Lesson #2 – Get On The Ball
This goes along with Lesson #1. If I’d been prepared and had my tincture made, then when he got the fever the first day, I could have started giving it to him. No waiting to see if the fever would pass on its own. If I’d had it, I should have just started giving it to him. It’s not going to hurt. Herbs are good for our bodies. God gave them to us for nutrition and for wellness.
Also, as soon as I saw a cut, scrape, or scratch, I should have smeared some good anti-bacterial herbal salve on it to lessen the chance of it getting infected. I’m not one of those moms that slather their kid in Neosporin constantly. I mean, my kids are getting bumps and bruises all the time. They’re boys, and they play hard. We live in the country. I’m not germ-a-phobic, but I may be now!
Lesson learned: Take action before you NEED to take action.
Lesson #3 – Don’t Second Guess Yourself
This one is important. I’m awful about second guessing myself. Always wondering if I made the right decision. I think as parents, we all struggle with this. We want to do what’s best for our kids, but we have to make a decision and go with it. We’re not always going to make the right one, but that’s life. That’s where the saying “live and learn” comes from.
I made the decision that we needed something extra than what nature could provide us with, at least, I needed something a little extra — to make me feel better by knowing I had a back up in case he didn’t get better with what I was doing. So I made the decision to get antibiotics.

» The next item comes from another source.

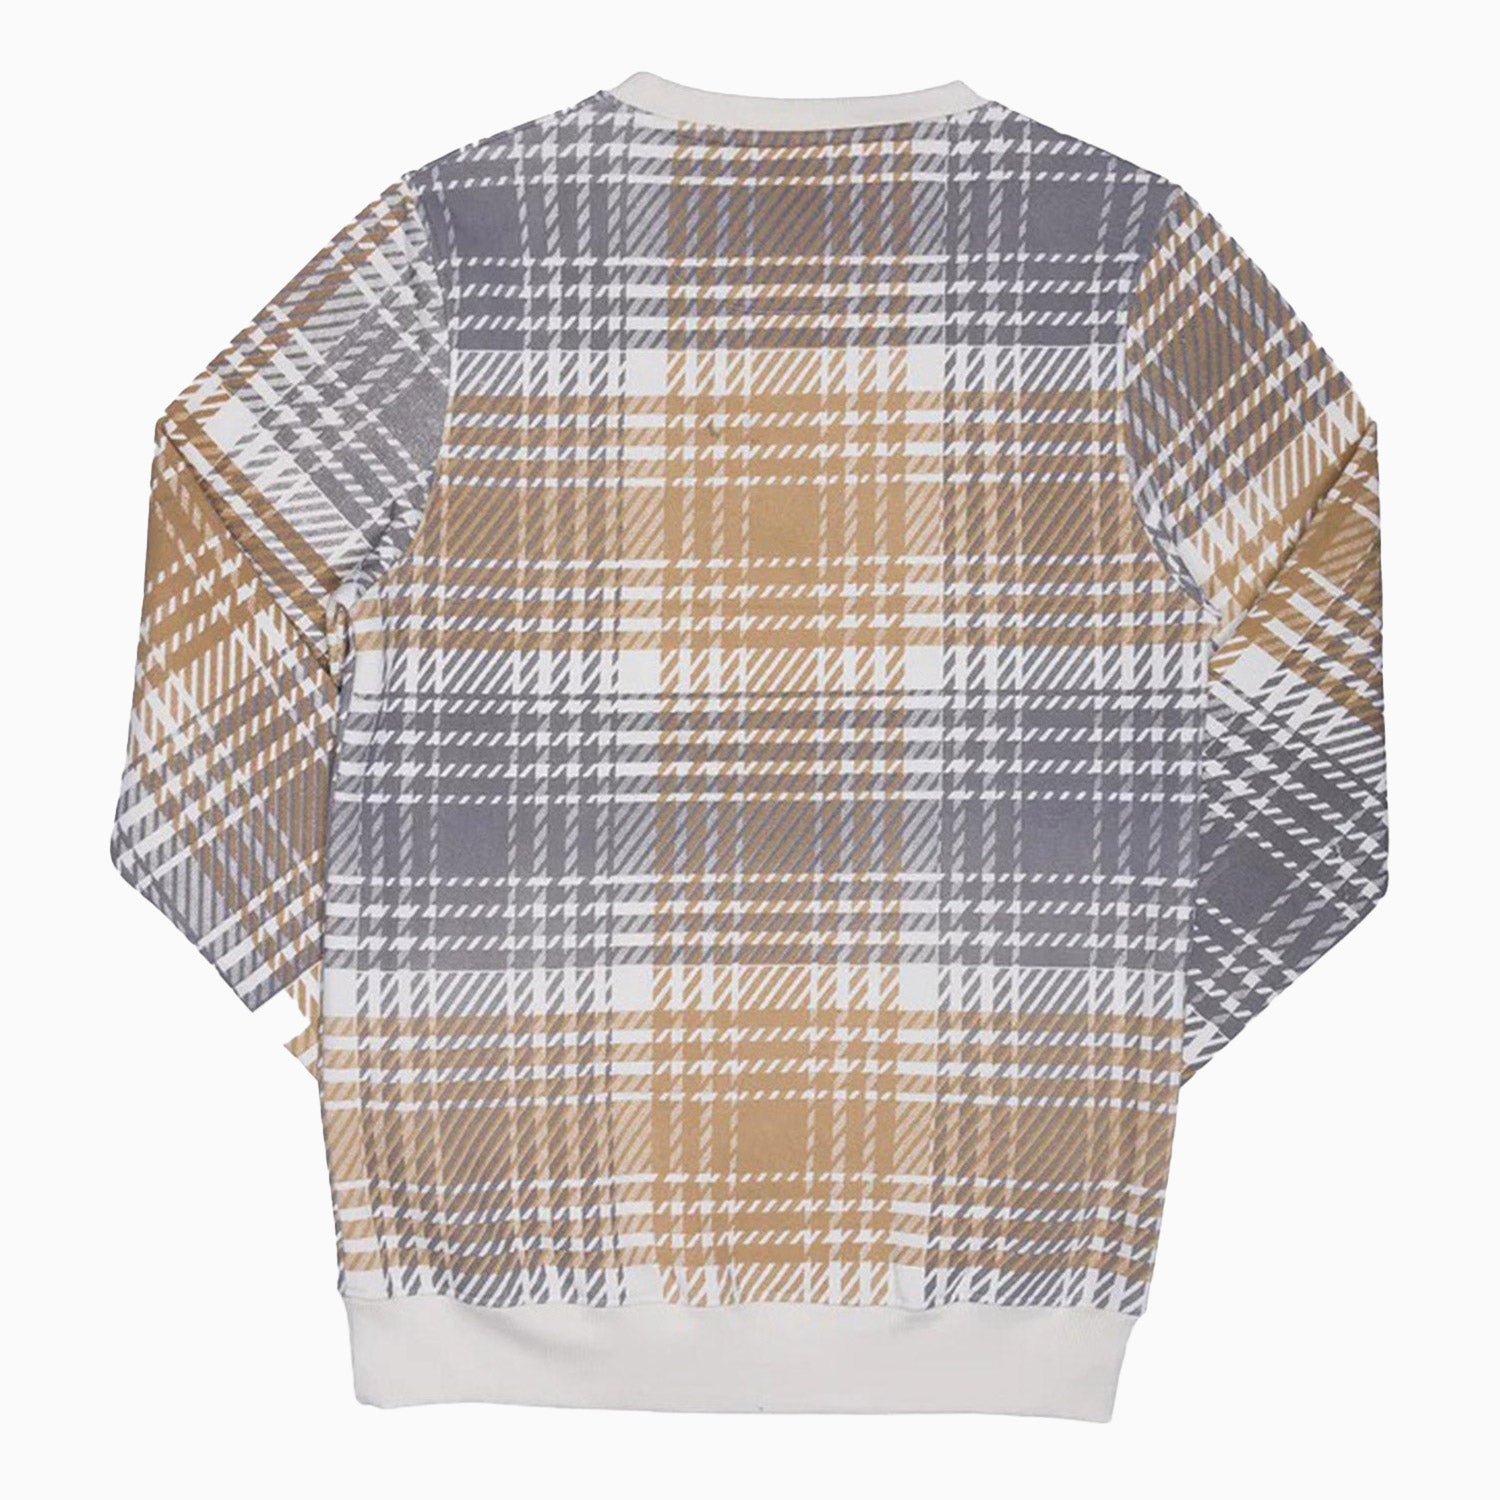 a-tiziano-mens-brady-graphic-print-knit-sweatshirt-24atc4004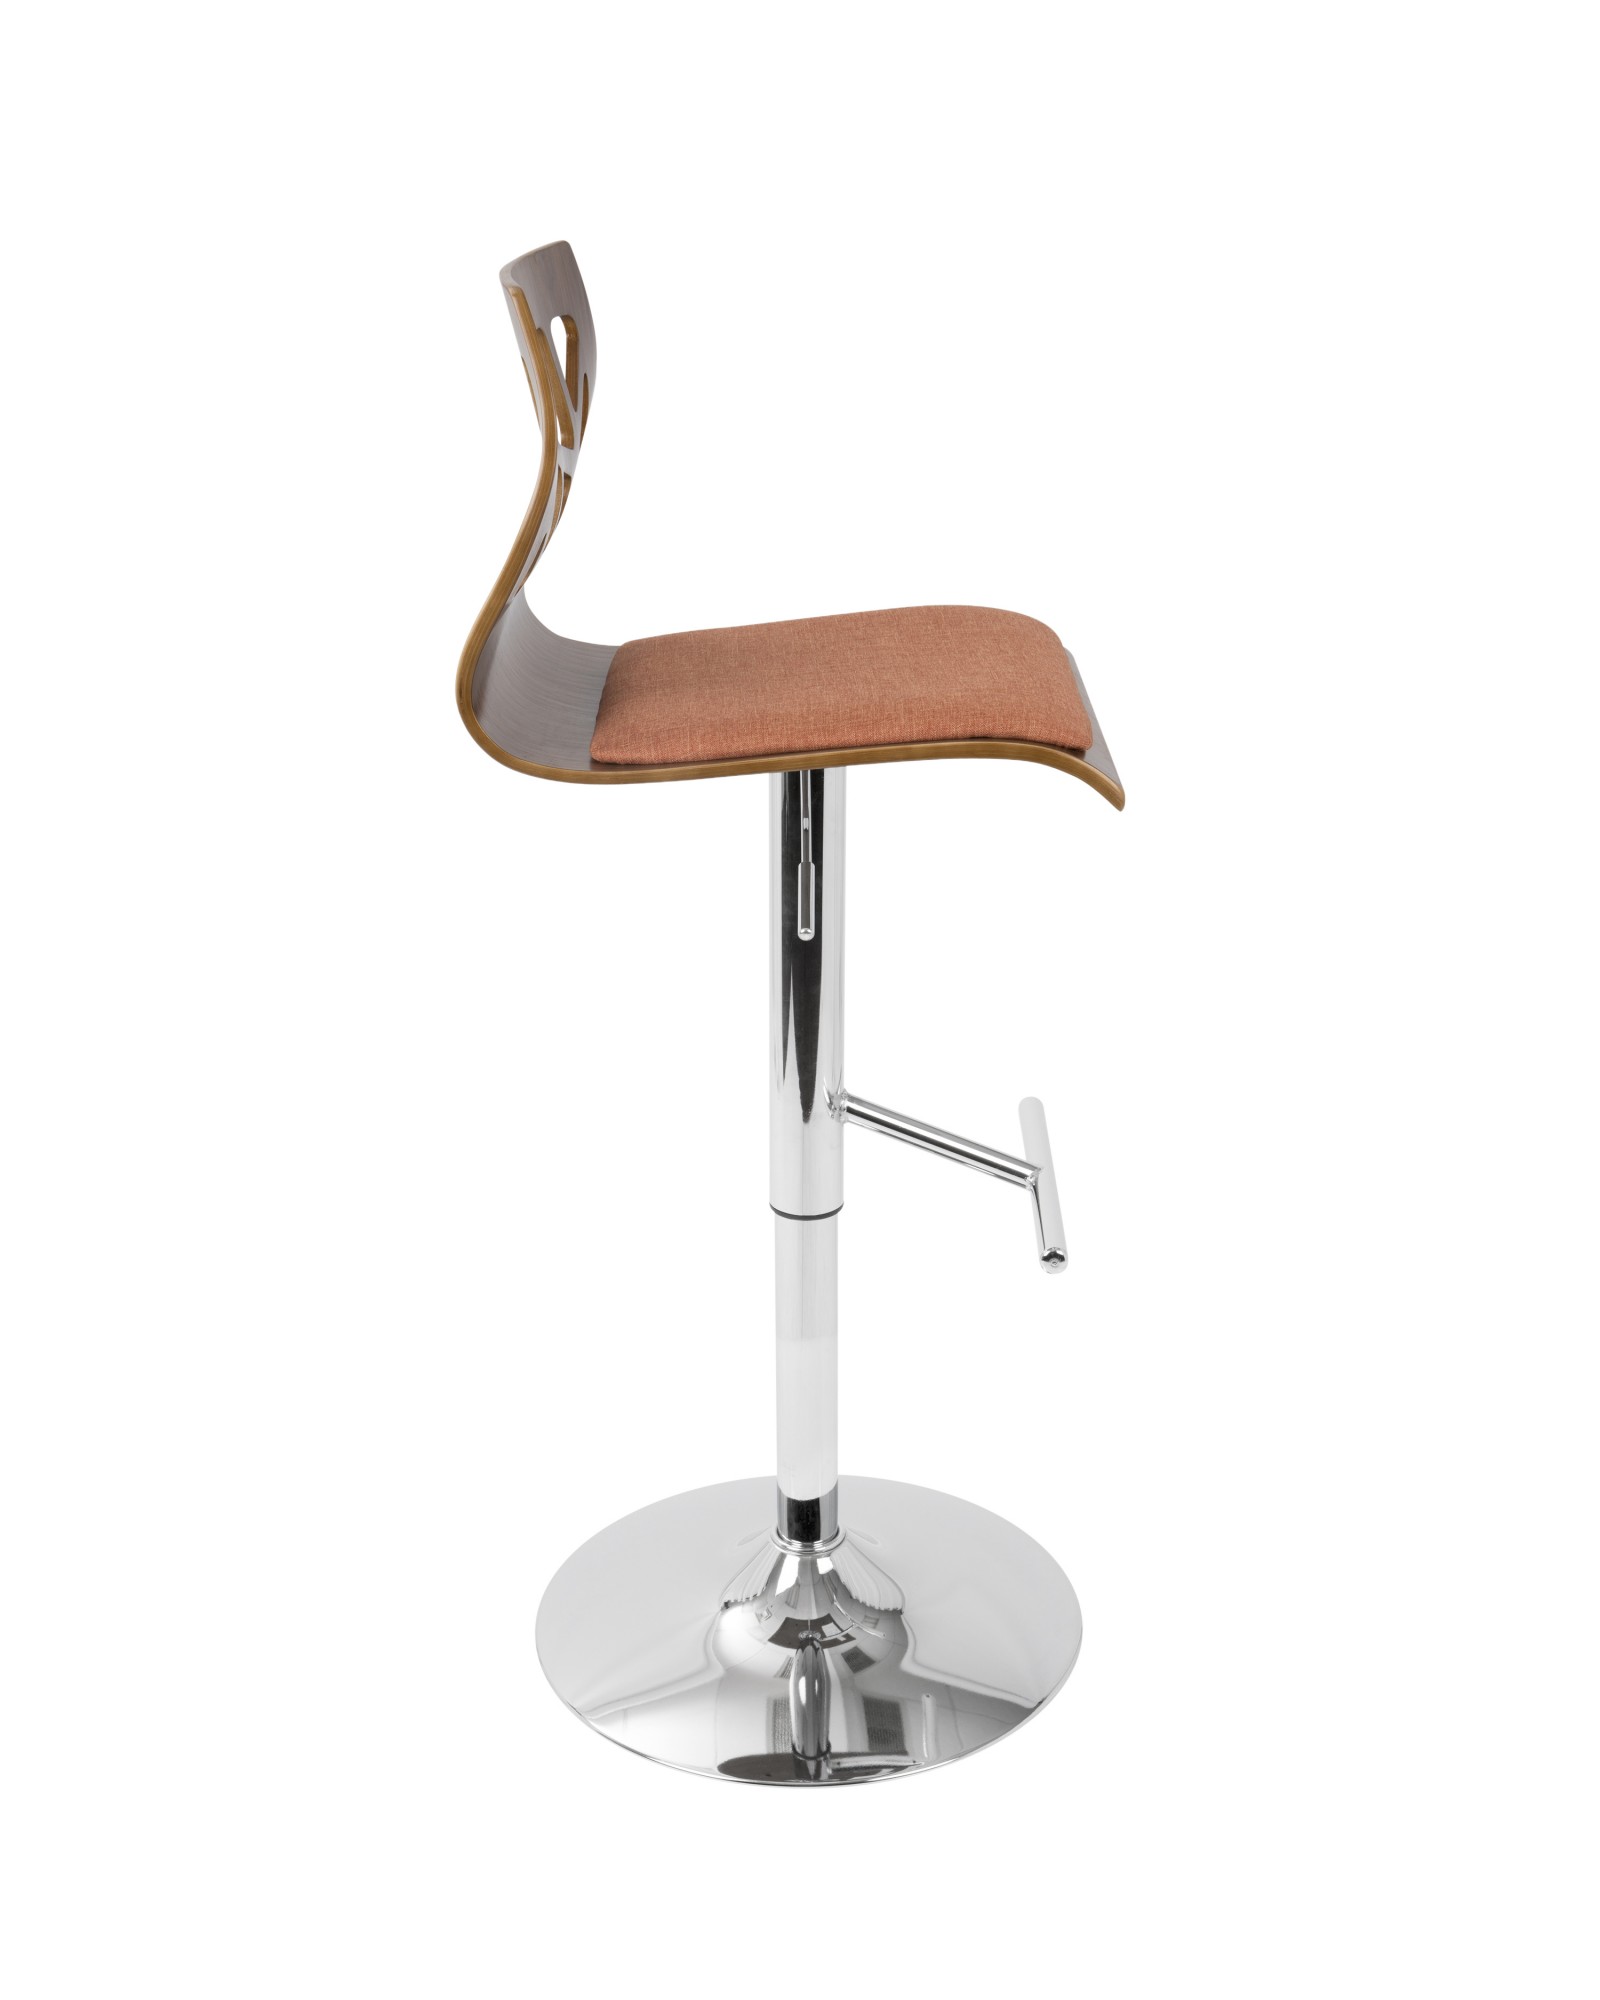 Folia Mid-Century Modern Adjustable Barstool with Swivel in Walnut And Orange Fabric

Although once we got to the hospital and there was no turning back or saying, “I change my mind,” I still needed to not second guess myself. I made a decision that I felt was in the best interest of my child, and I was going to make the best out of a less than ideal situation.
Lesson learned: Life isn’t always going to go your way. Suck it up and make the best of it. Lemonade out lemons, or so they say.
In The End…
I’m glad that I’ve chosen to use natural preparations as my first line of defense. I’m continually learning, growing, and becoming more confident in this area. I’m also grateful to have hospitals, medical personnel, and medication available to us when we need it. I’m glad that I’m not too proud of being “all-natural” or an “herbalist” to seek help from a doctor when I know I need it. But most of all, I’m happy that my baby is happy, healthy, and home.